Nie takiego zakończenia jesiennej części sezonu spodziewali się kibice Widzewa i PGE GKS. W ostatniej tegorocznej kolejce lider 2. Ligi bezbramkowo zremisował ze Stalą Stalowa Wola, a bełchatowianie w Częstochowie ulegli Skrze 0:1.
Do meczu ze Stalą podopieczni Radosława Mroczkowskiego przystępowali po serii czterech spotkań bez zwycięstwa. W tych meczach zdobyli tylko dwa punkty, więc nic dziwnego, że przed własną publicznością chcieli przełamać niemoc i zakończyć jesień wygraną. Chęć wygranej wzmagał fakt, że w pierwszej rundzie przegrali ze Stalą aż 0:3. Gospodarzom rewanż się jednak nie udał i po słabym występie musieli zadowolić się bezbramkowym remisem.
- Mamy szczęście, że zremisowaliśmy. Ten mecz pokazał, że gdy przychodzi zmęczenie, to trzeba je nadrobić umiejętnościami. A tych jest za mało. Mamy punkty i miejsce w tabeli, ale niewiele ponad to. Musimy szukać jakości, bo chcę, żeby moja drużyna stwarzała okazje i strzelała bramki - powiedział po meczu trener Mroczkowski.
W jeszcze gorszym nastroju kończył jesień trener PGE GKS Artur Derbin. Jego podopieczni w ostatnim tegorocznym meczu na sztucznej trawie przegrali w Częstochowie ze Skrą, tracąc gola w 78. minucie. - Ta porazka boli podwójnie, bo będziemy musieli z nią żyć przez trzy miesiące. Nie zaadaptowaliśmy się w optymalny sposób do gry na sztucznej nawierzchni i nie byliśmy sobą. Brakowało płynności w atakach, gdyż w pierwszym kontakcie mieliśmy problem z przyjęciem i podaniem.

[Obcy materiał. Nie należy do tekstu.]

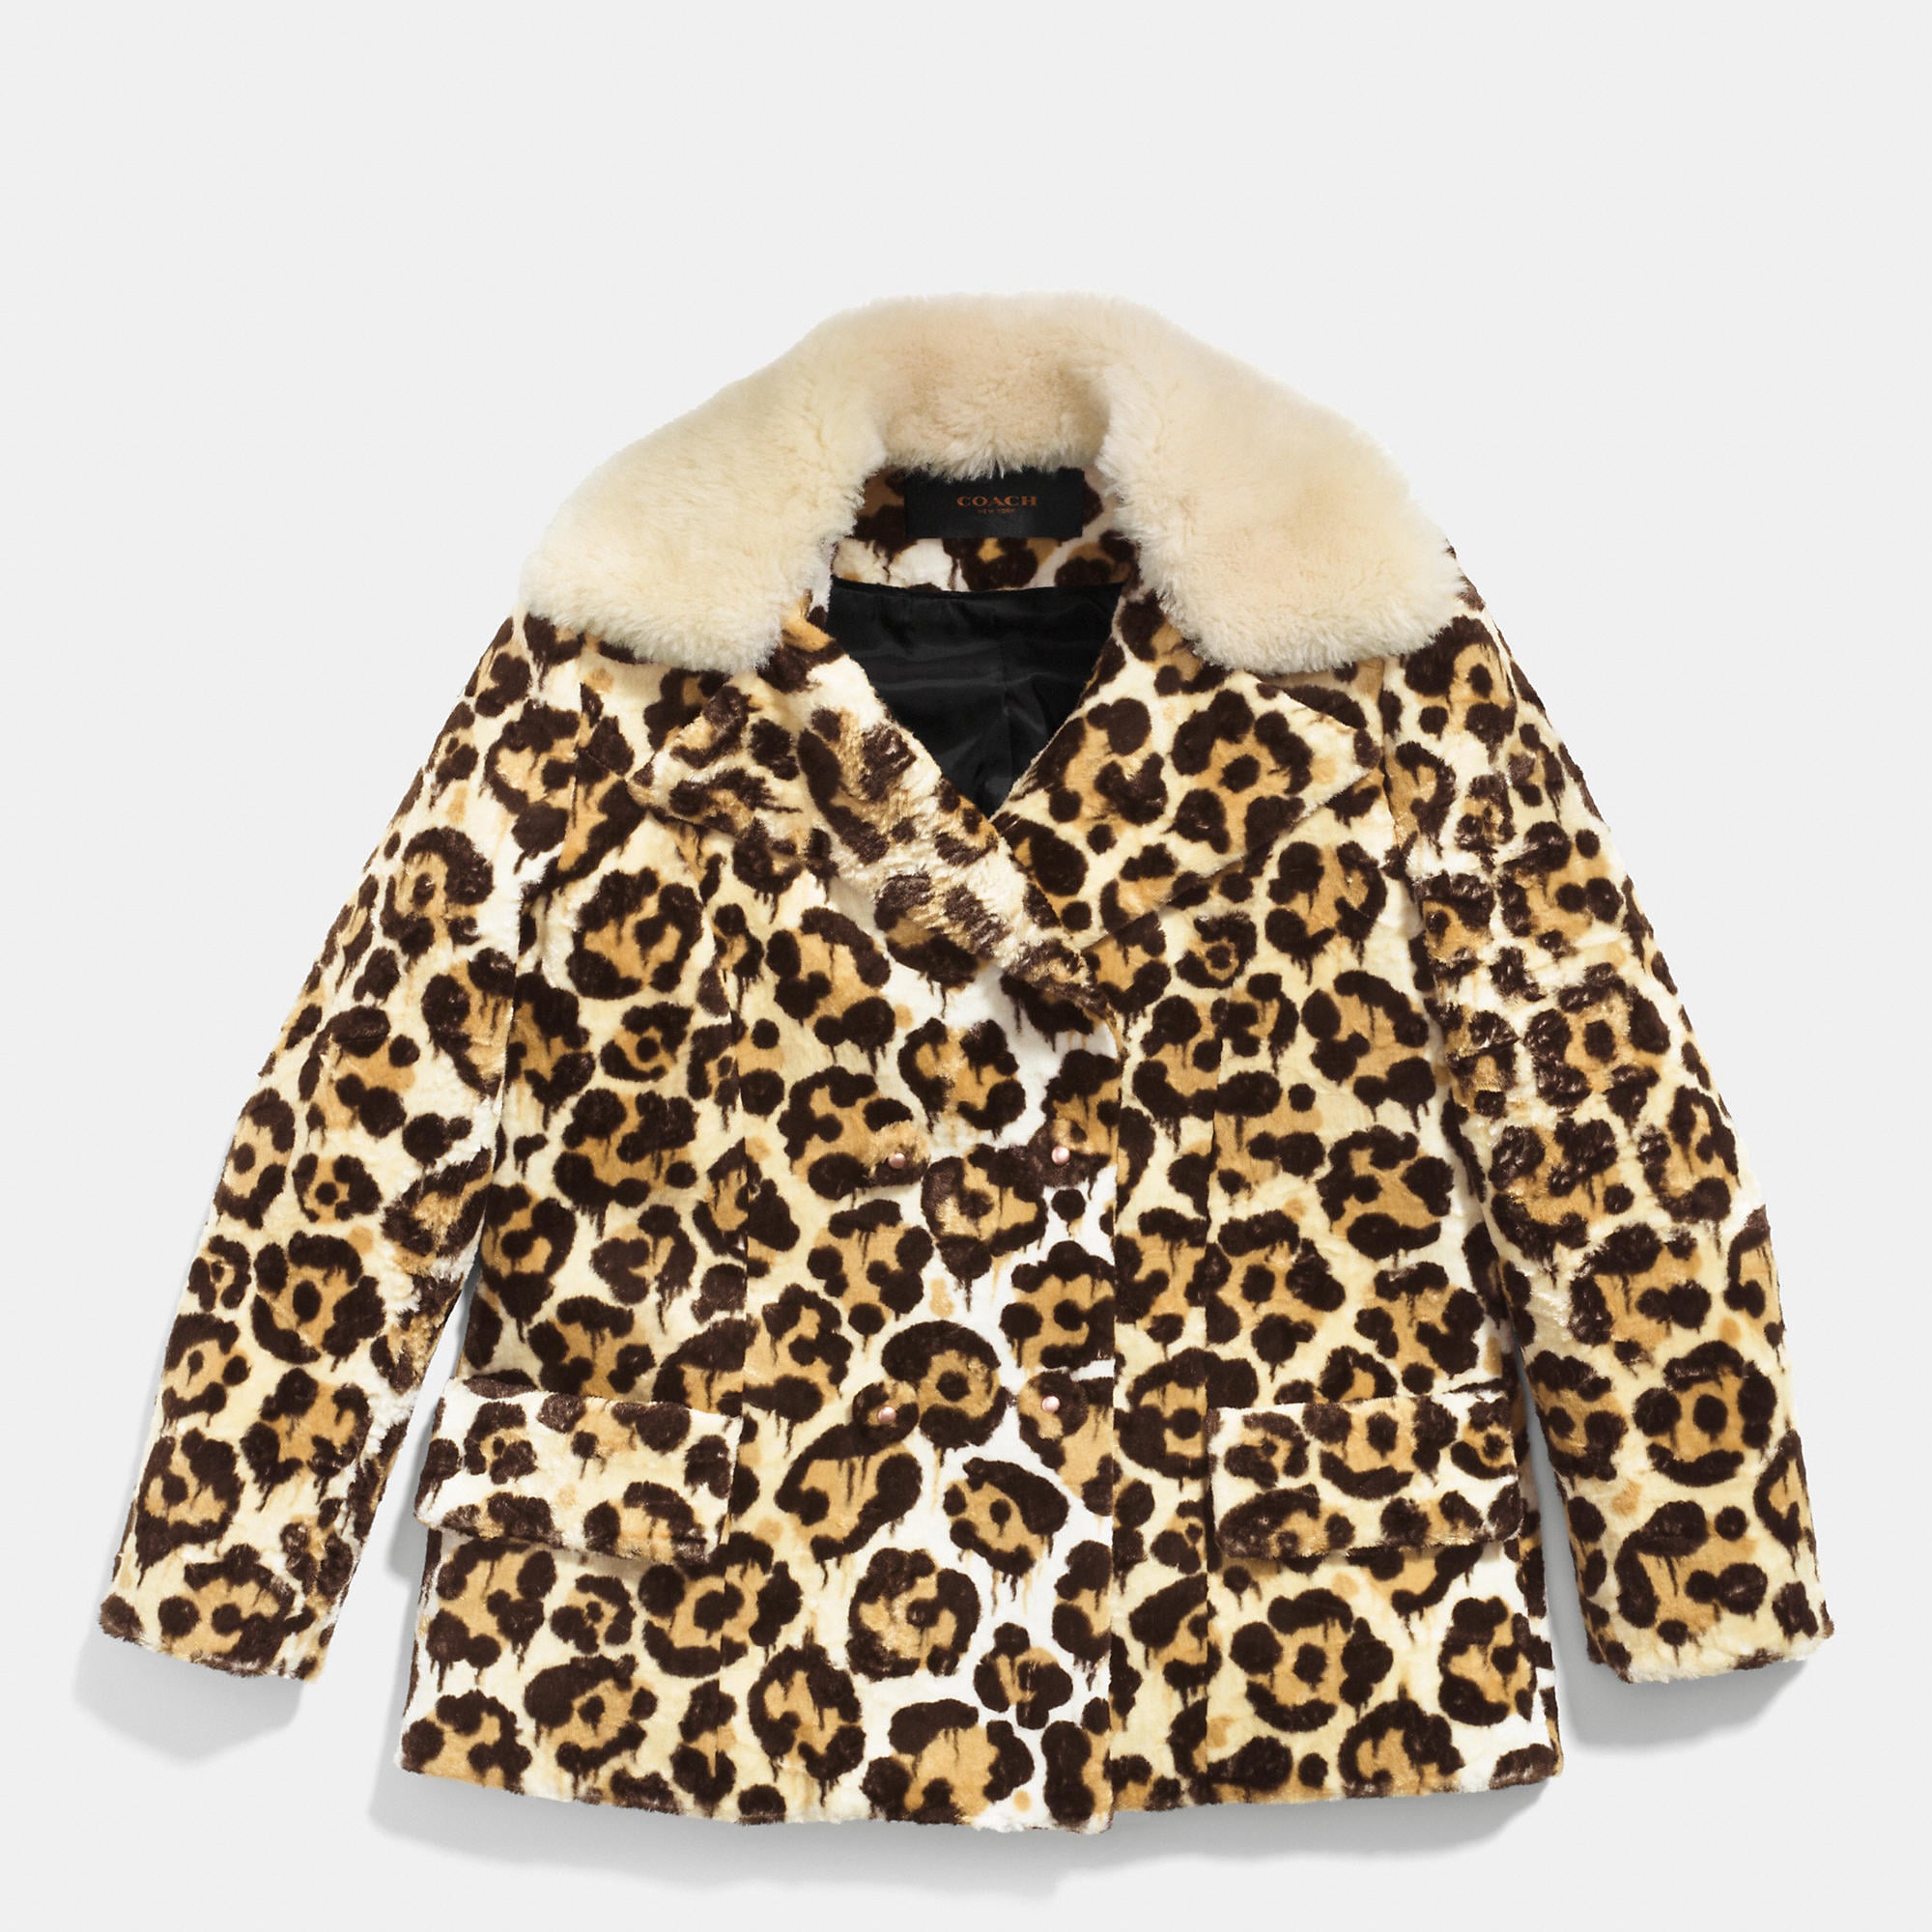 Chloe Grace Moretz Leopard Coat Paris Fashion Week

Paradoksem jest to, że gdy w drugiej połowie nasza gra zaczynała się poprawiać, to straciliśmy gola i przegraliśmy mecz - powiedział Derbin.

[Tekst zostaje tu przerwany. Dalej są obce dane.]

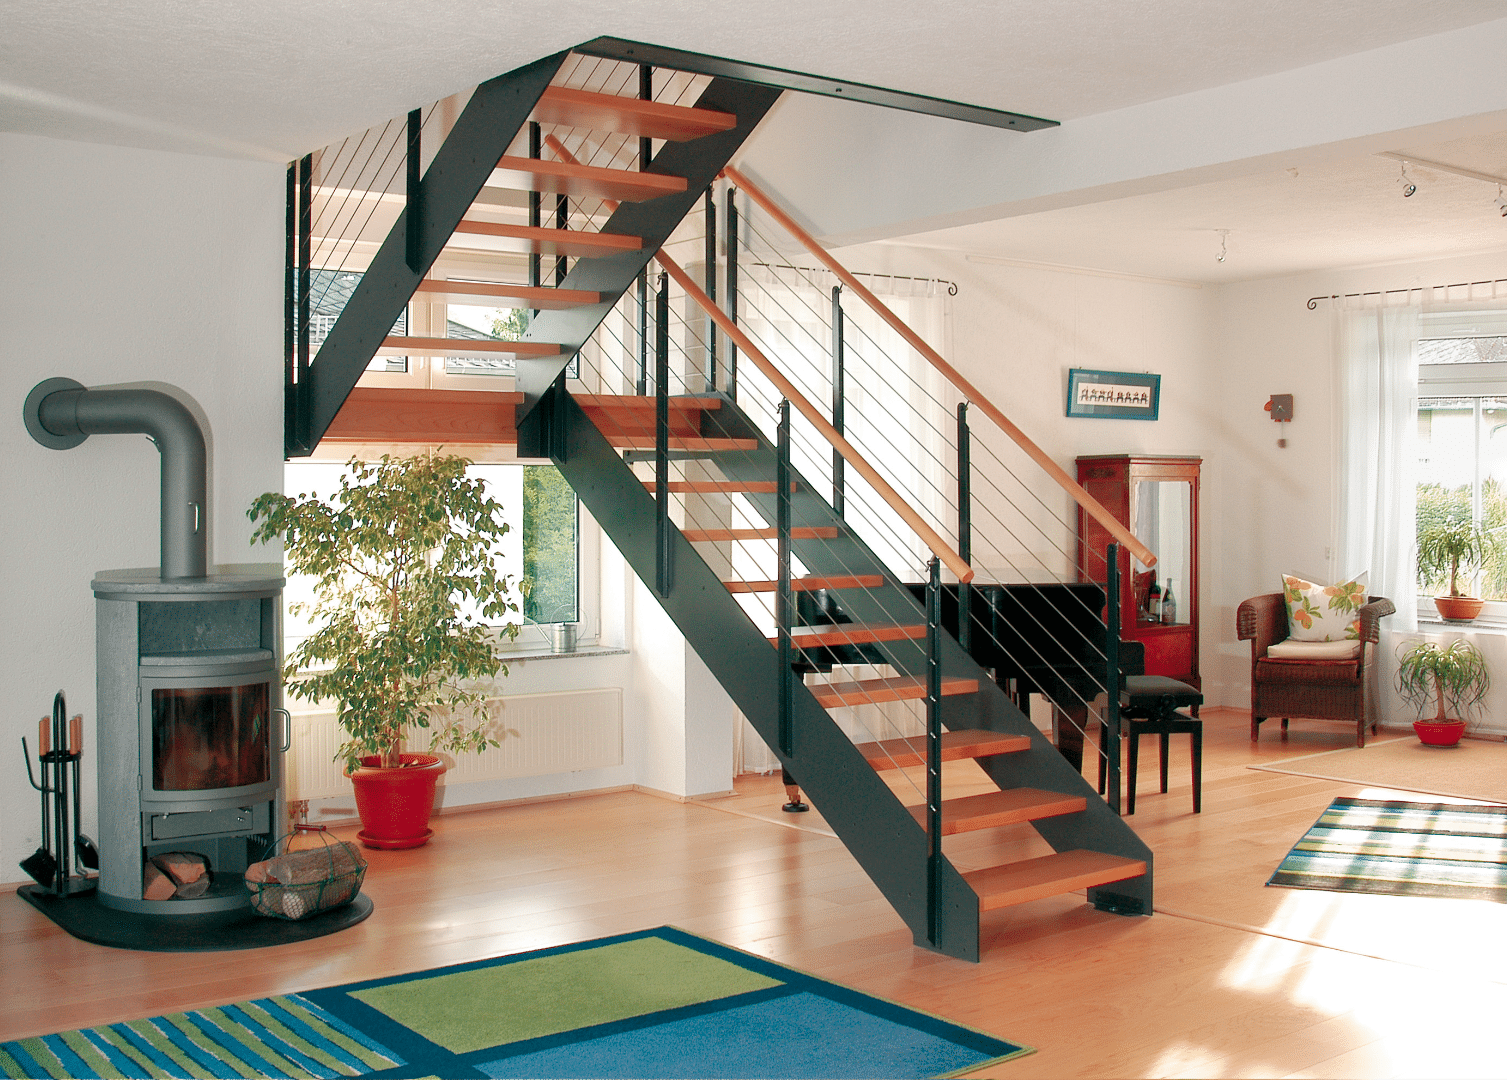 Wohnzimmer mit akzentreicher Treppe von Treppenmeister, bestehend aus Holzstufen, einem Handlauf aus Holz und einem Geländer aus gedrehten Drahtseilen, die der Stiege ihren Industrial Style verleihen.

Po 21. kolejkach Widzew ma na koncie 39 pkt. (jedno spotkanie zaległe) i o jeden wyprzedza drugiego w tabeli Radomiaka, który jednak dopiero w niedzielę rozegra ostatnie spotkanie. Trzecia jest Elana Toruń (36), czwarty PGE GKS (34), a piąty Górnik Łęczna (34).